Task objective
Quote all entries exactly, leaving pictures aside.

Exercise materials
-- Opening Marker --

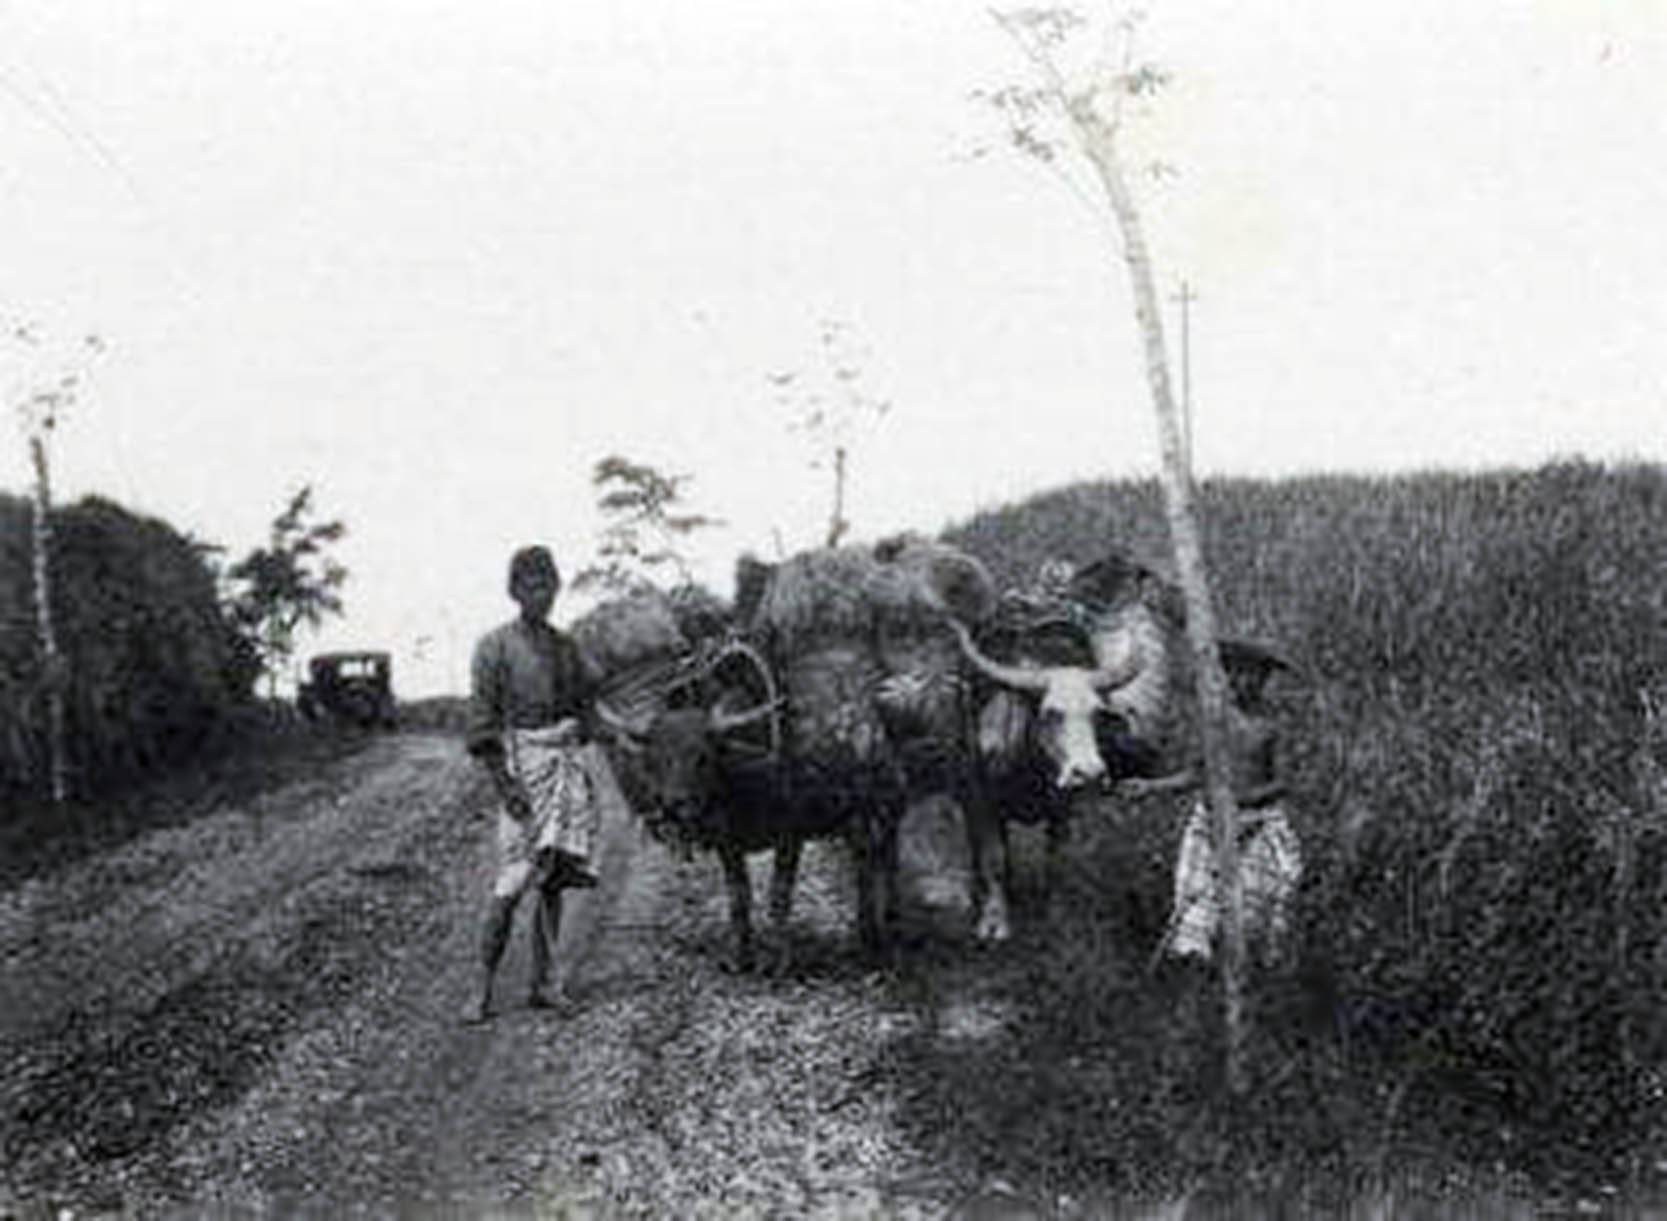 Kerbau dan kuda adalah sarana transportasi utama saat itu.
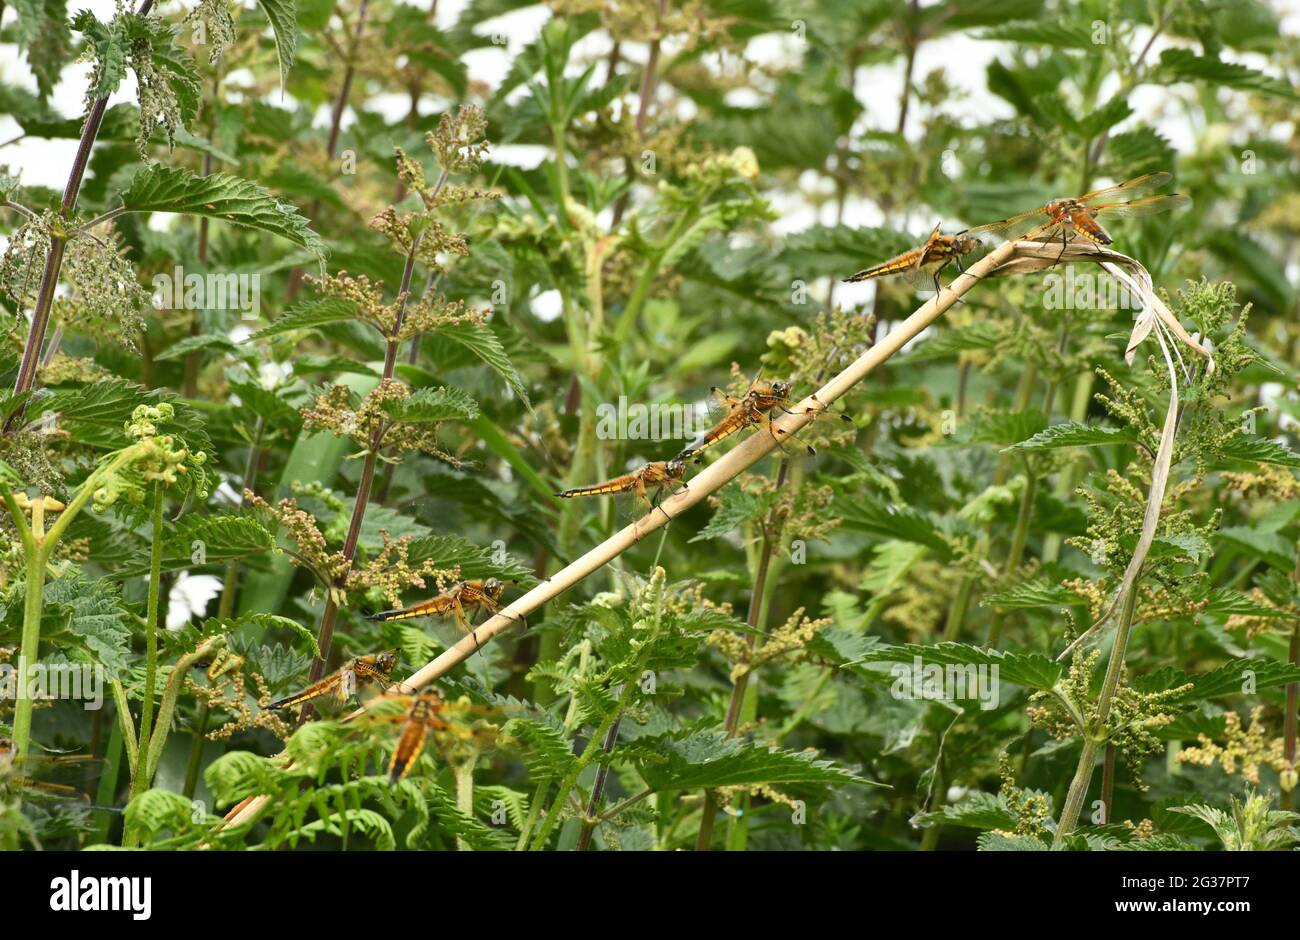 Chaser à quatre points Dragonflys'Libellula quadrimaculata' s'alignent sur une tige de roseau dans la réserve naturelle RSPB de Ham Wall, sur les niveaux Somerset. Avalon mar Banque D'Images
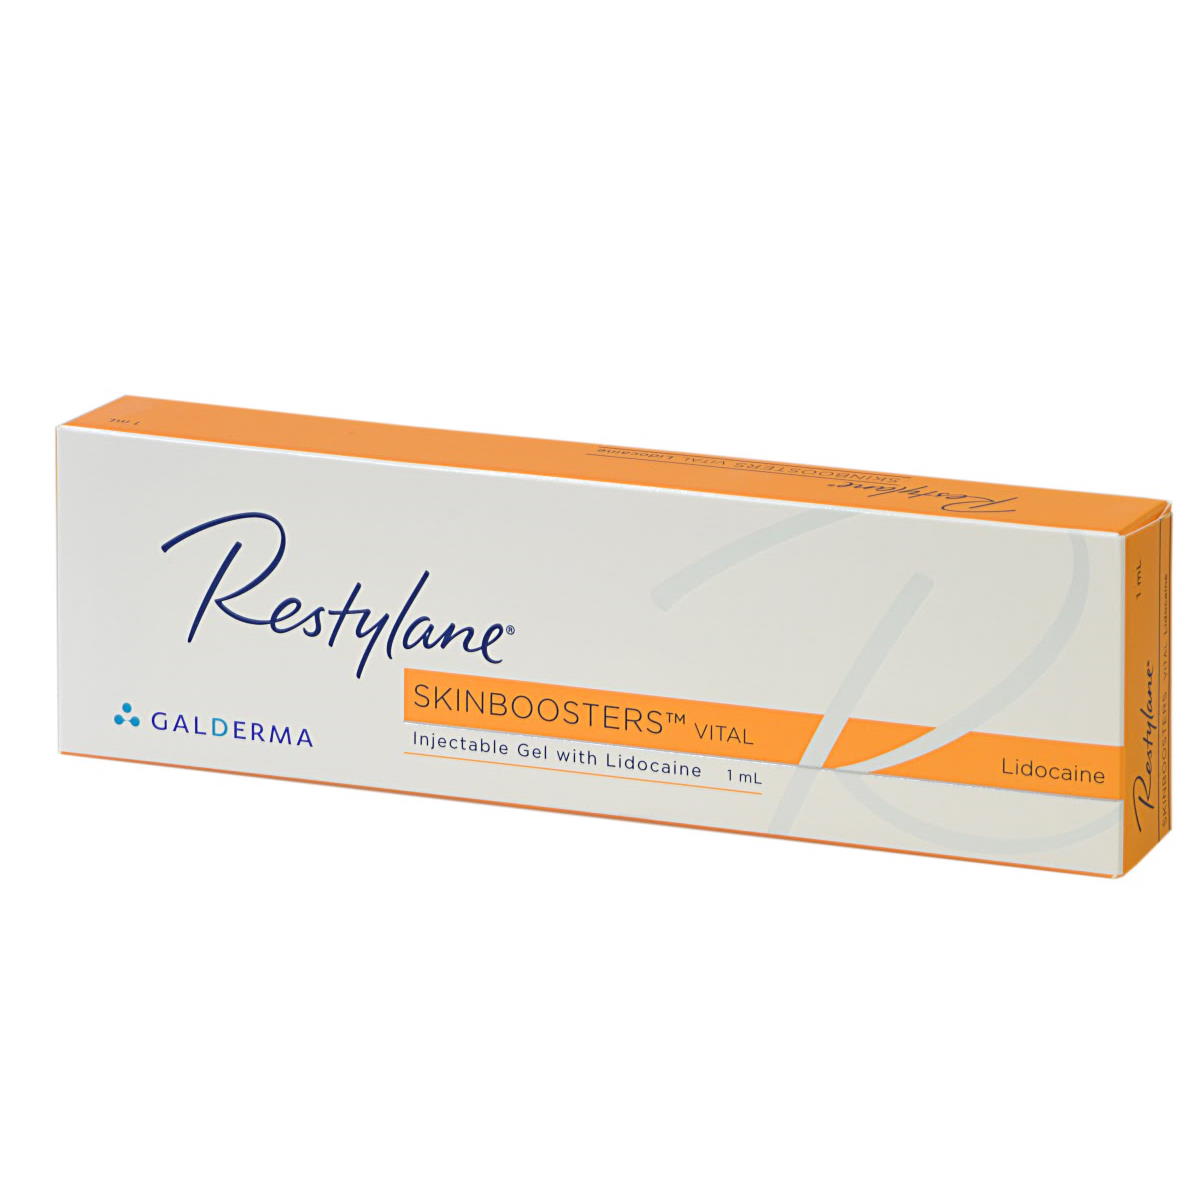 Restylane Skinboosters Vital Lidocaine
Contiene 1 siringa da 1ml
Indicato per riempire le rughe del viso, restituendo volume ed idratazione alla pelle, in maniera naturale.
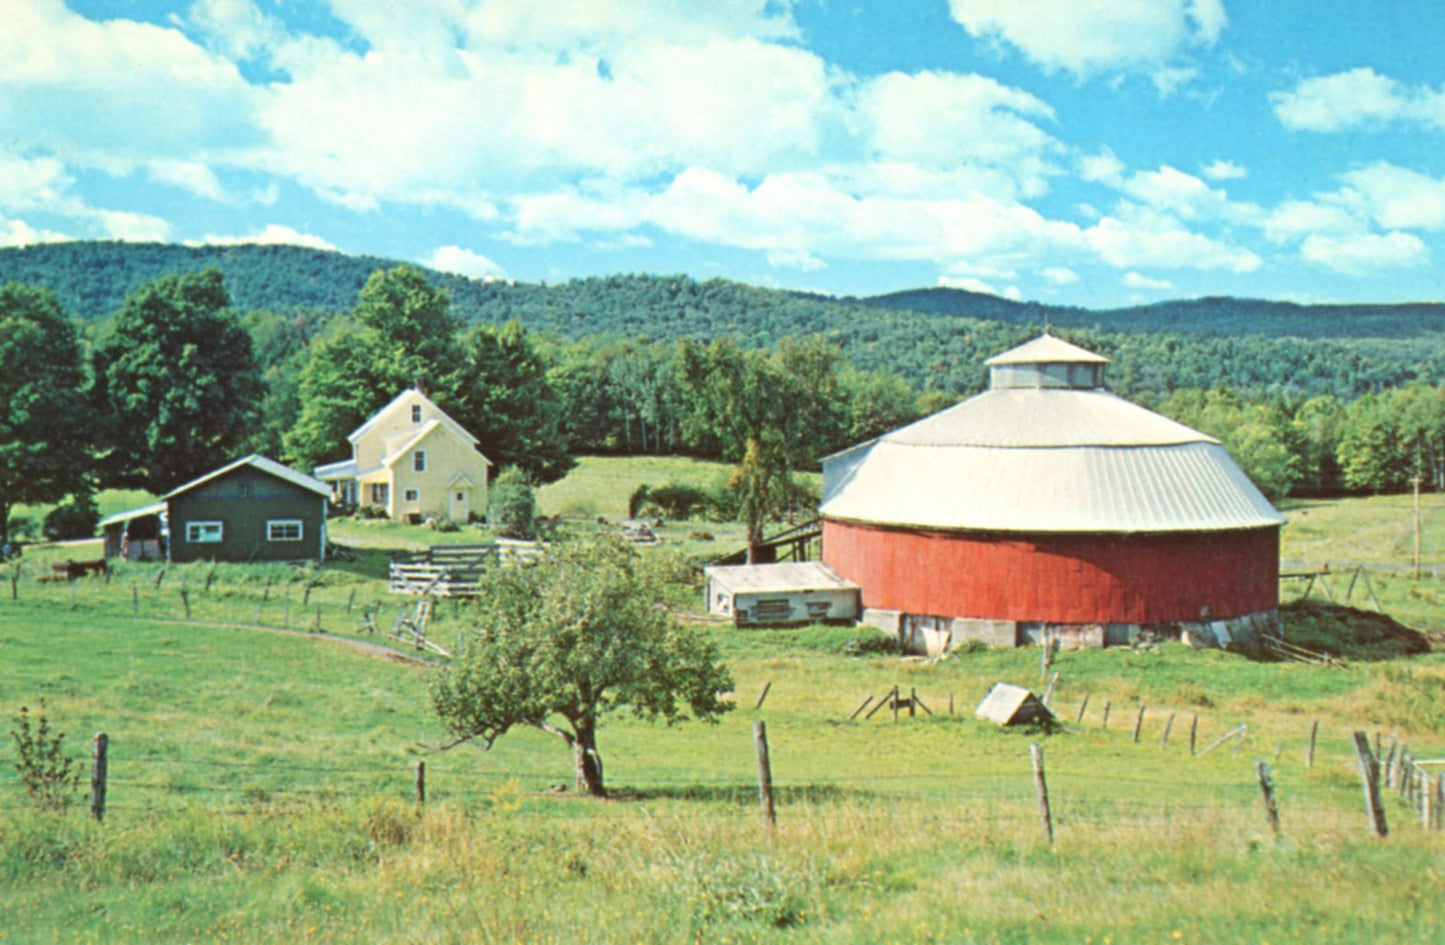 Round  Barn ENOSBURG VERMONT Vintage Postcard
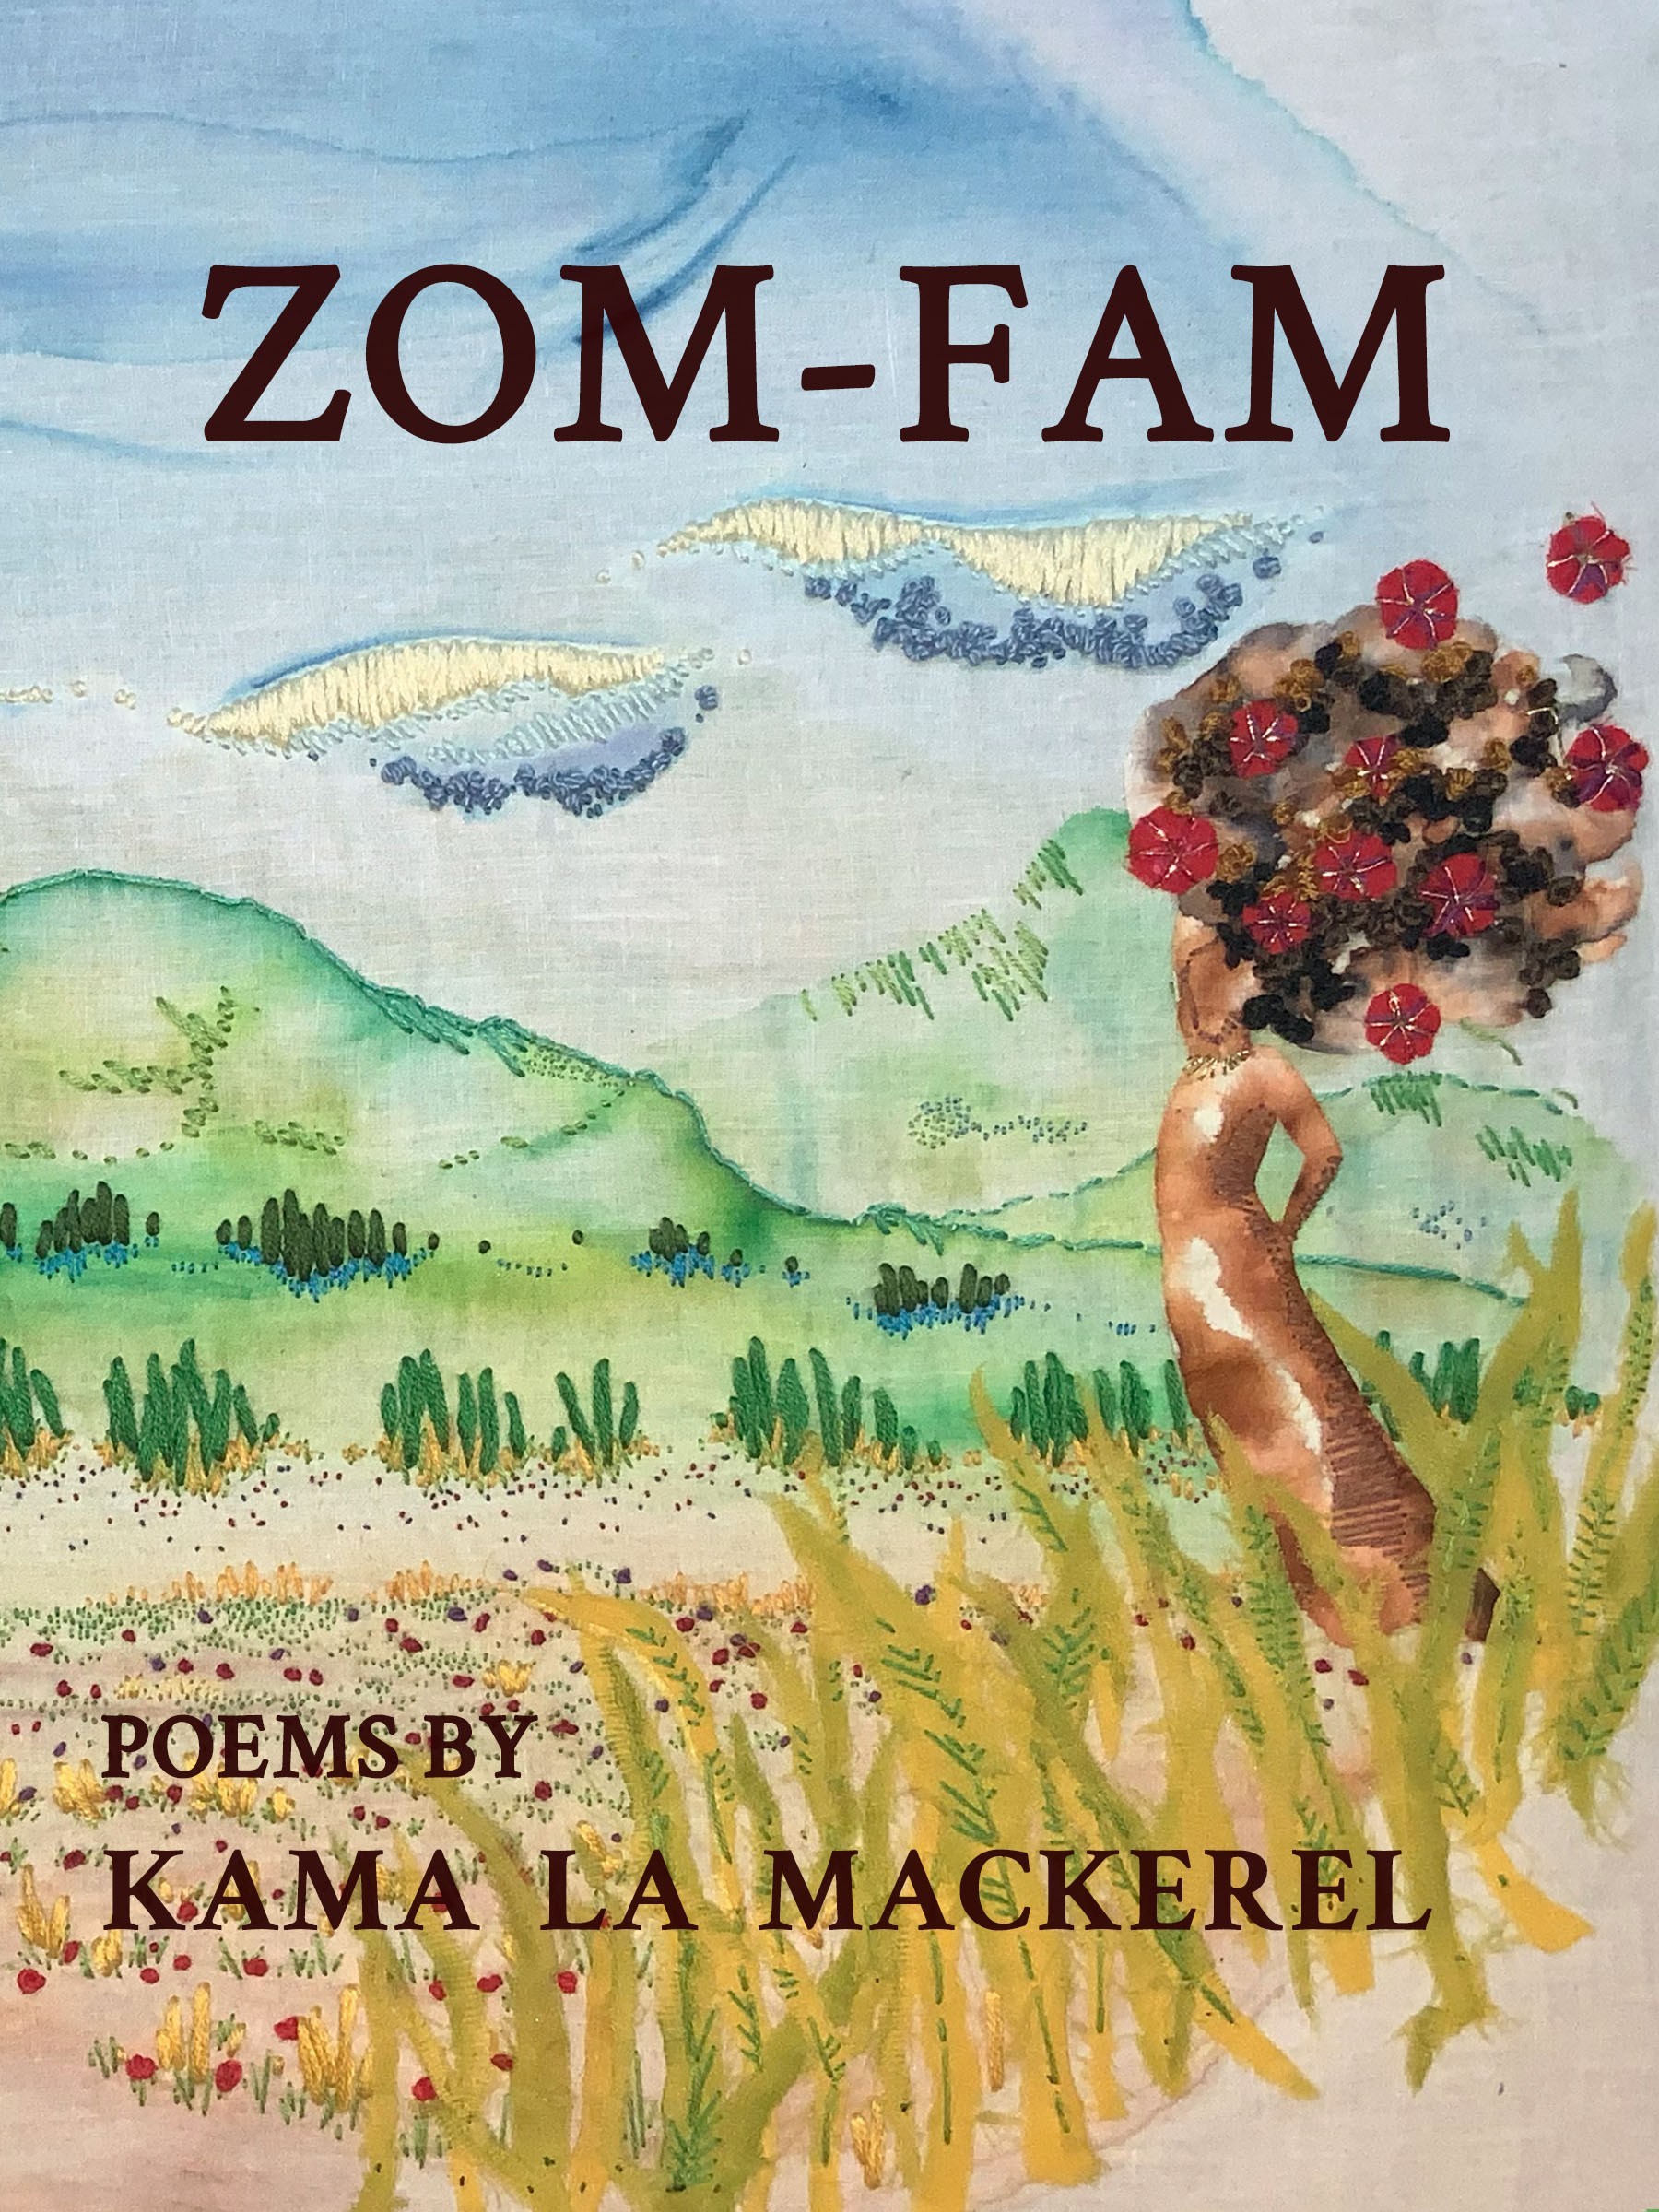 ZOM-FAM: Interview with Kama La Mackerel

-- Closing Marker --

Written response
 Kerbau dan kuda adalah sarana transportasi utama saat itu.
 Chaser à quatre points Dragonflys'Libellula quadrimaculata' s'alignent sur une tige de roseau dans la réserve naturelle RSPB de Ham Wall, sur les niveaux Somerset. Avalon mar Banque D'Images
 Restylane Skinboosters Vital Lidocaine
Contiene 1 siringa da 1ml
Indicato per riempire le rughe del viso, restituendo volume ed idratazione alla pelle, in maniera naturale.
 Round  Barn ENOSBURG VERMONT Vintage Postcard
 ZOM-FAM: Interview with Kama La Mackerel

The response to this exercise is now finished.